Dataset section:
....................

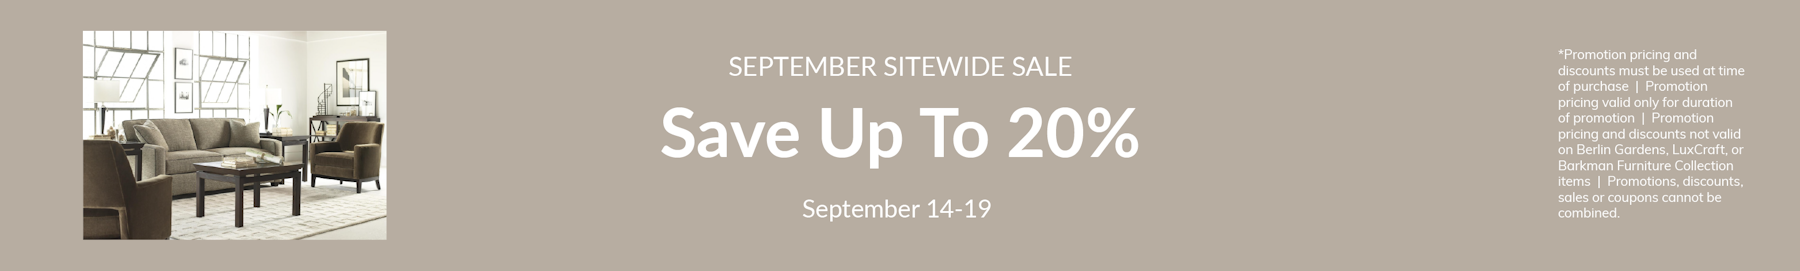 September Sitewide Sale
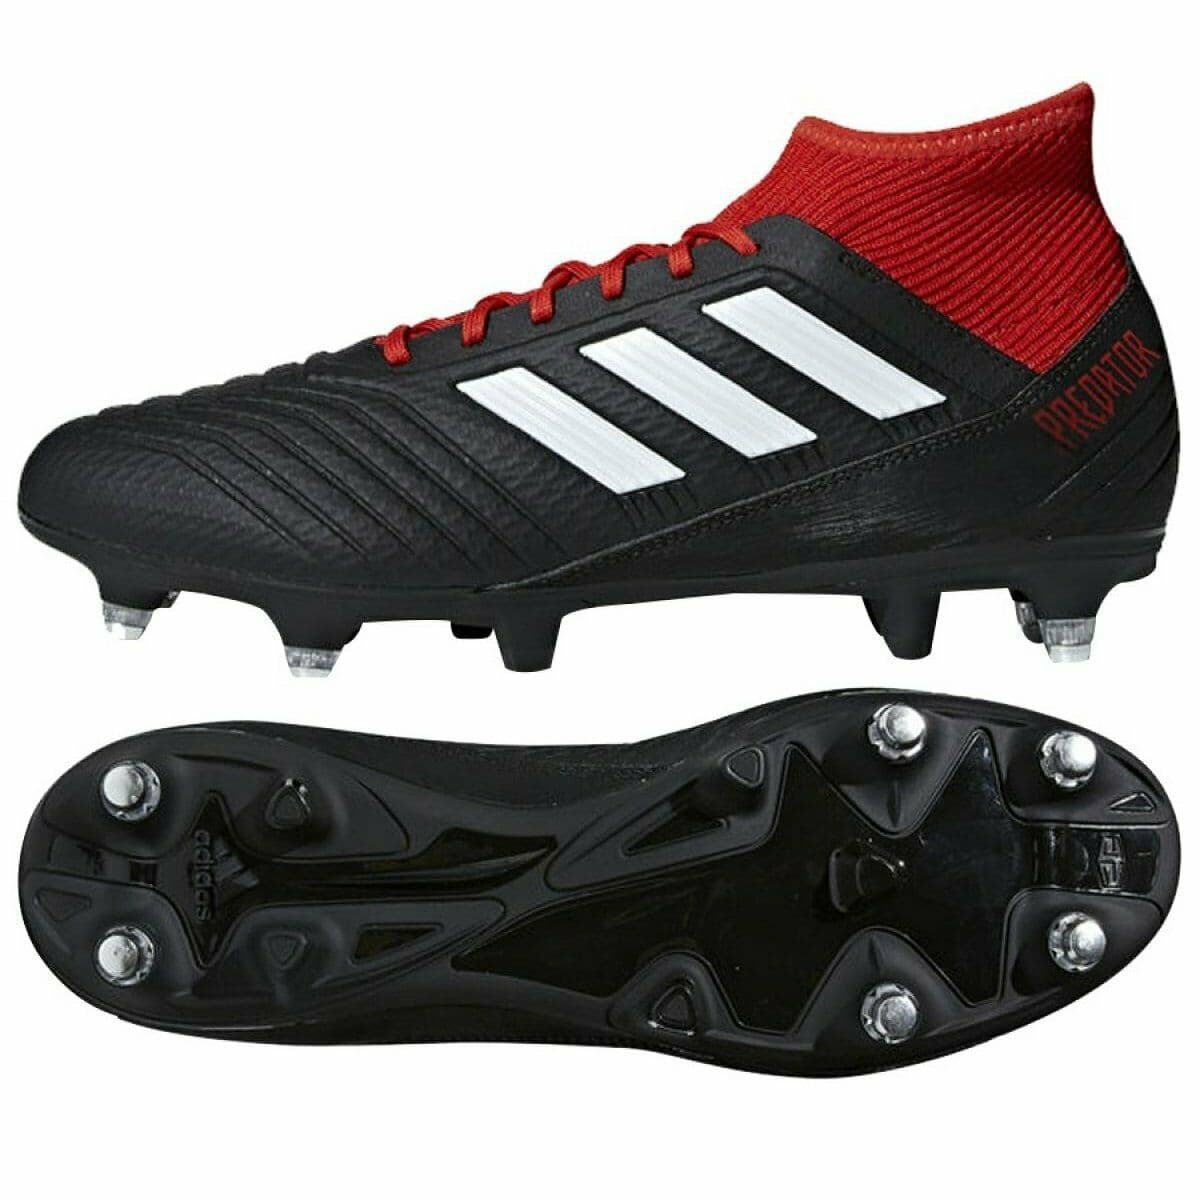 Adidas Predator 18.3 SG Football Boots
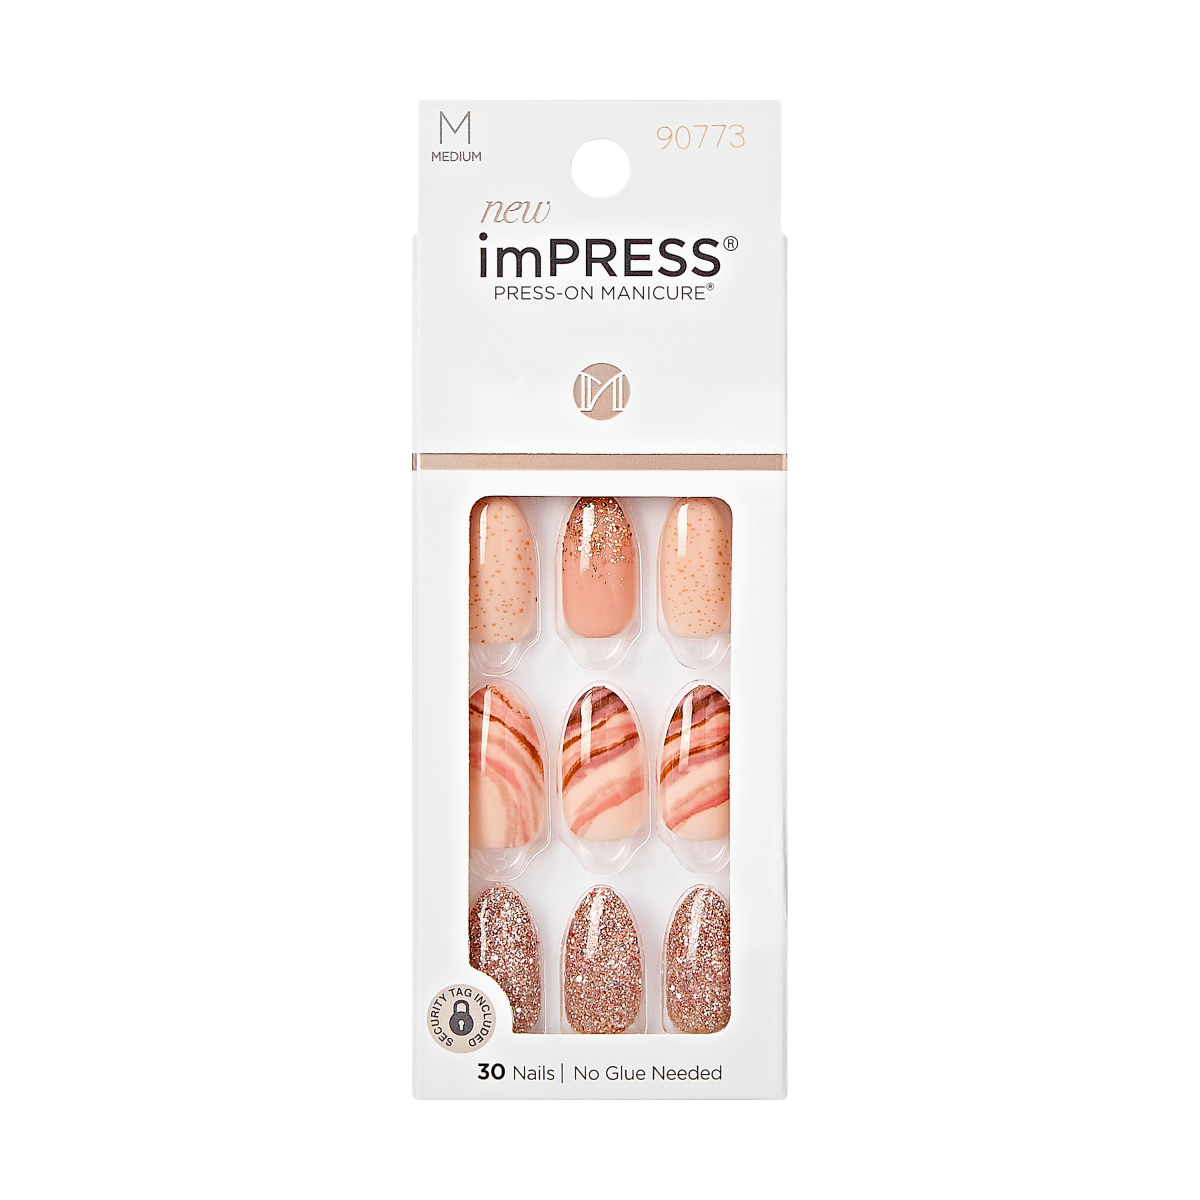 KISS imPRESS No Glue Mani Press On Nails, Design, Rose Dust, Multicolor, Med Almond, 30ct

....................

In copying the material, drop all pictures and keep everything else identical.

 September Sitewide Sale
 Adidas Predator 18.3 SG Football Boots
 KISS imPRESS No Glue Mani Press On Nails, Design, Rose Dust, Multicolor, Med Almond, 30ct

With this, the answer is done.